Wednesday, March 28, 2012

New IPhOD v2.0 Calculator

How do you obtain the phonotactic frequency or neighborhood density of a word that is not included in the latest version of IPhOD, or obtain a list of its phonological neighbors that are labelled according to homophones or homographs?

Try the new IPhOD version 2.0 online calculator! The added feature calculates word-averaged phonotactic probabilities, neighborhood densities, and positional probabilities based on user-entered CMU transcriptions (Weide, 1994). This addresses an earlier limitation of the IPhOD version 2.0: only being able to search among words included in the ~50,000 word collection (or for a preset list of pseudowords). Prior to this update, if you needed to calculate values for new word or pseudoword transcriptions then you had to use values from version 1.4, which used different frequency weightings and a smaller word collection than 2.0.
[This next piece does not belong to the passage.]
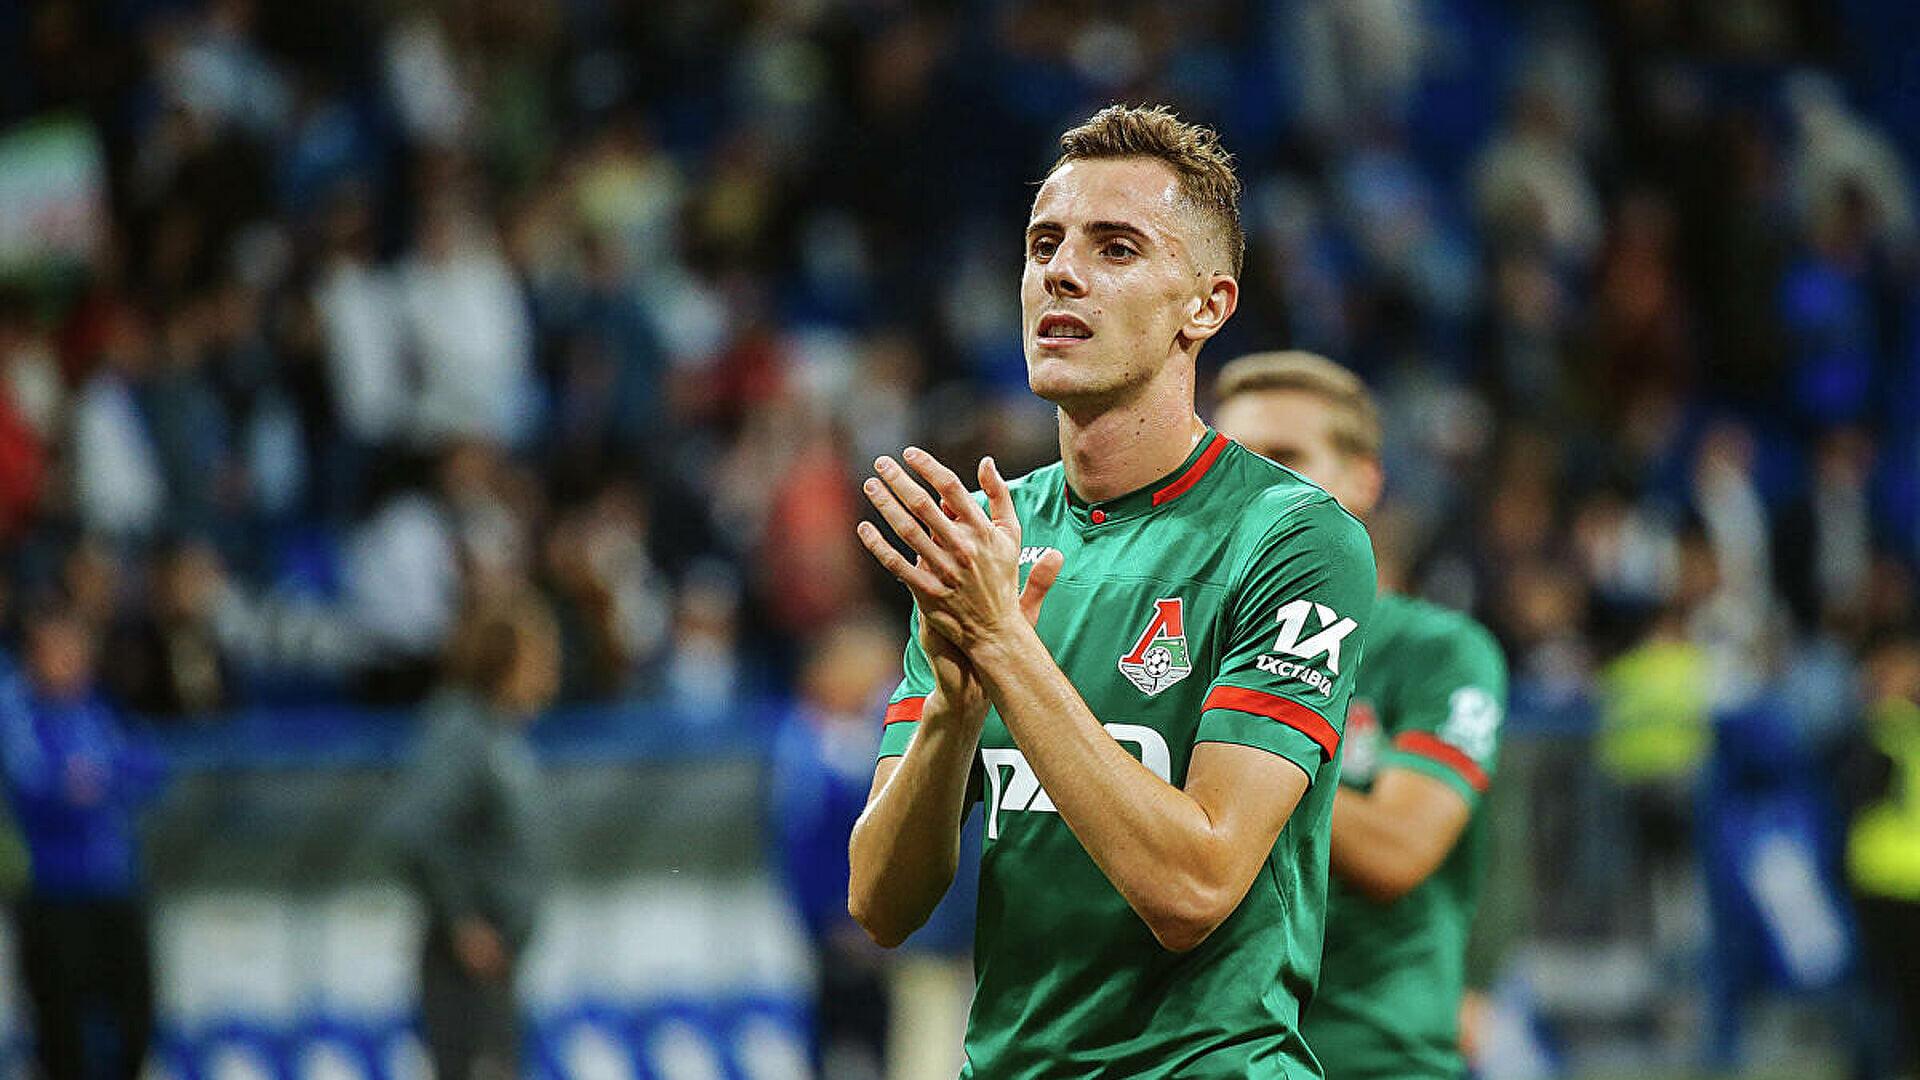 Локомотив заплатил около 2 млн евро за разрыв контракта с Джорджевичем

The new calculator based on the IPhOD sequel also includes more options. The IPhOD version 2.0 calculator webpage (navigate to Calculator, then Version 2.0, or click here) allows the user to enter a list of CMU transcriptions (e.g. "K.AE.T" for "cat"), which can be used to generate any of the following values that the user selects:

1-4. Neighborhood density,
5-8. Biphoneme probability,
9-12. Triphoneme probability,
13-15. Positional probability,
16-20. Length-constrained probability.

Each of those selections comes with four options for weighted calculations: unweighted raw counts, SubtlexUs frequency weighted (S Freq), log10 S Freq, and S Context-Dependent Counts. The word frequency weights are from SUBTLEXus (Brysbaert & New, 2009). At this time, I do not have plans to include syllable stress constraints in the calculator.


Finally, if you click on the "Show neighbors?" button before running the calculator, then the calculator produces a cool-looking, second table that appears below the traditional calculator output results.

The table contains every 1-phoneme different phonological neighbor with asterisks denoting words with homographs or homophones. Although the calculator adjusts to avoid double-weighting words whose spellings are identical, and only counts homophone neighbors as one neighbor (since they are indistinguishable by sound), it may be helpful for users to have that information available.

Pretty neat, huh?

If you start fiddling with the new features and either break something, raise questions, or discover a disabled button, please contact me. I have done my best to quality-check the new online calculator, primarily by comparisons of output from the online search and online calculator (v 2.0).

Also, feel free to send me your suggestions for future extensions. The show neighbors function was a product of this blog, which has been quite an interesting and helpful development for me too.

I hope that these new features will be a helpful resource for other researchers!

Brysbaert, M. and New, B. 2009. Moving beyond Kucera and Francis: a critical evaluation of current word frequency norms and the introduction of a new and improved word frequency measure for American English. Behavior Research Methods, 41, 997-990.